I always have felt like blaming cars, of all things, misses the bigger picture. 1 crude oil shipping vessel produces more pollution than the entirety of cars in America will for a year. Cars are one of the things that actually empowers individuals to live their individualized lives. Hell, some people live in their cars/rv/campers and it allows people to escape the rigors of daily life.

I agree we should take aim at making them more environmentally friendly, and take a harder focus on replacing plastic components with metal and/or other recyclable alternatives. If we could sequester carbon into them somehow that would be even better; but things like carbon fiber require nasty epoxies that are difficult to break down again once they need to be recycled.

[–] cestvrai@lemm.ee 21 points 1 year ago* (last edited 1 year ago) (1 children)

When you talk about “pollution” (compared to a shipping vessel) you are only talking about greenhouse gas emissions. This is the exact fallacy that the comic is addressing.

Localised particulate matter pollution will have a much more severe and direct impact on human health. Whether widespread individual car ownership is worth the cancer and microplastic pollution in our bodies is certainly still open for debate. However, this “environmentally friendly car” that you are imagining is a pipe dream.

Humans living fulfilling, individualised lives has been happening for more than just the last century.

[–] Buffaloaf@lemmy.world 7 points 1 year ago (1 children)

Cargo ships also emit a shit ton of particulate, NOx, and SO2 since they aren't required to have the same emissions controls as on road vehicles. It's a serious problem for both climate change and immediate health impacts.

[–] SkepticalButOpenMinded@lemmy.ca 3 points 1 year ago (1 children)

But those cargo ships exist whether we’re also driving a bunch of cars or not. It’s just totally orthogonal.
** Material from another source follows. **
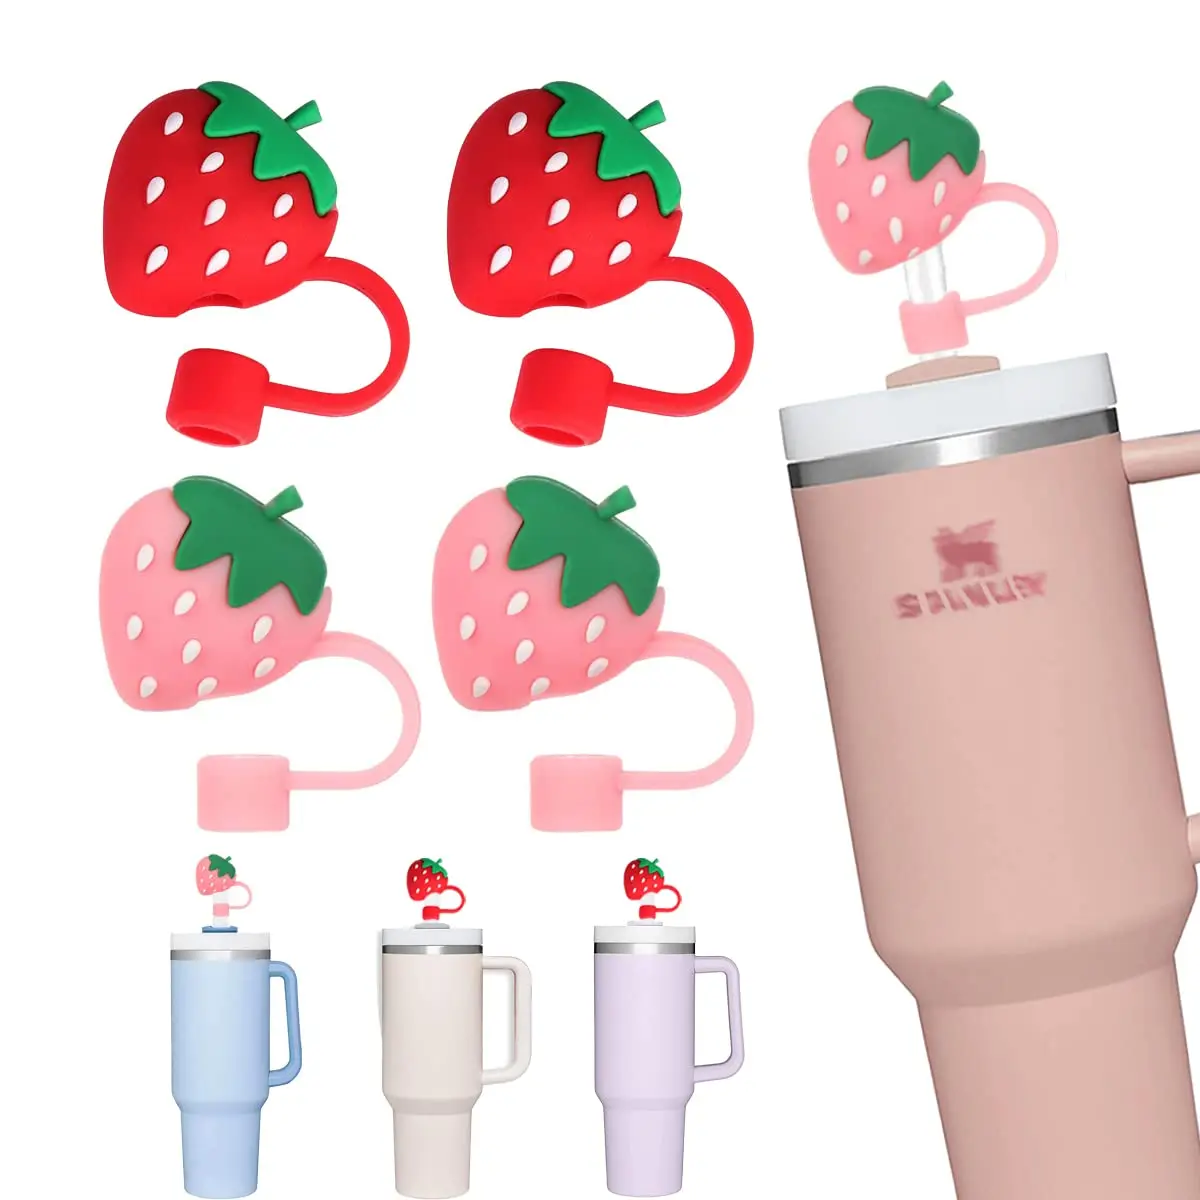 https://ae01.alicdn.com/kf/S6a02b1e4d51d4c0b89884b6a22ffc5c1Q/Straw-Covers-Cap-for-Stanley-Cup-4pcs-10MM-Cloud-Rainbow-Straw-Cover-Silicone-Straw-Covers-Cap.jpg

If anything, switching to heavy EVs will increase the amount of pollution caused by cargo ships. Bringing up cargo ships makes no sense as a defense of EVs

[–] thoughts3rased@sopuli.xyz 2 points 1 year ago

Plus, short of putting nuclear reactors on every ship, they can only really function on oil based fuels. Nothing compares in terms of energy density. If you somehow managed to put god knows how many battery packs on a ship without it sinking, it would probably take months to charge and suck tens of megawatts from the grid whilst doing it.

[–] mondoman712@lemmy.ml 13 points 1 year ago (1 children)
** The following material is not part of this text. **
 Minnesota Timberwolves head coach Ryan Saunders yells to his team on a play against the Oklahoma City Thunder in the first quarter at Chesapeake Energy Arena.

Cars are one of the things that actually empowers individuals to live their individualized lives.

Only those who are able to afford to, and can safely drive a car. Cars, and especially car dependant places, suck for anyone that can't.

[–] thantik@lemmy.world -2 points 1 year ago (2 children)

But this argument basically implies that we should gut the majority of people's benefit because of a minority's inconvenience. Certainly we should accommodate the minority who can't, especially if it means living a fulfilling life, but not at the expense of everyone else.

[–] mondoman712@lemmy.ml 1 points 1 year ago

I find the language you use interesting. Those who take their living room with them to save a few minutes "benefit", whereas those who have to breathe in the fumes and be victims of traffic violence are "inconvenienced".

[–] dustyData@lemmy.world 1 points 1 year ago* (last edited 1 year ago) (1 children)

Making life easier for those who can't or doesn't want to drive detracts nothing from those who can. In fact it is beneficial for those who want to drive to have denser cities, and better public transport. It means safer streets, less traffic and lower insurance premiums. Yours is a false dichotomy.

[–] thantik@lemmy.world -2 points 1 year ago* (last edited 1 year ago) (1 children)

You lack reading comprehension. I did not give you a false dichotomy, because a false dichotomy requires that I present to you two options, with the stipulation that you can only choose one or the other. Nowhere in my previous post did I do any such thing.

I merely reiterated what I understood your stance to be, and offered an alternative; which would be not unduly hampering other people's experience because of a minority.

You're so focused on being "right", that you've lost sight of the actual discussion in an effort to portray my argument as some sort of argumentative fallacy. Which ironically enough, is in itself, another fallacy -- called the fallacy fallacy.

[–] dustyData@lemmy.world 1 points 1 year ago

You're not arguing with the original poster. Someone definitely lacks reading comprehension skills and is irrationally fixated on proving themselves right at all times, but it ain't me. You created a straw men and presented it at "either this or that", false dichotomy. Again, supporting those who don't want or can't drive doesn't infringe upon the rights of car owners and those who do want to drive. This is not an oppressor-oprressed dynamic. That's classic victimization. We can help and accommodate to the needs of minorities without having to disregard the needs of the majority. At least learn your moral arguments right.

[–] Poggervania@kbin.social 11 points 1 year ago (2 children)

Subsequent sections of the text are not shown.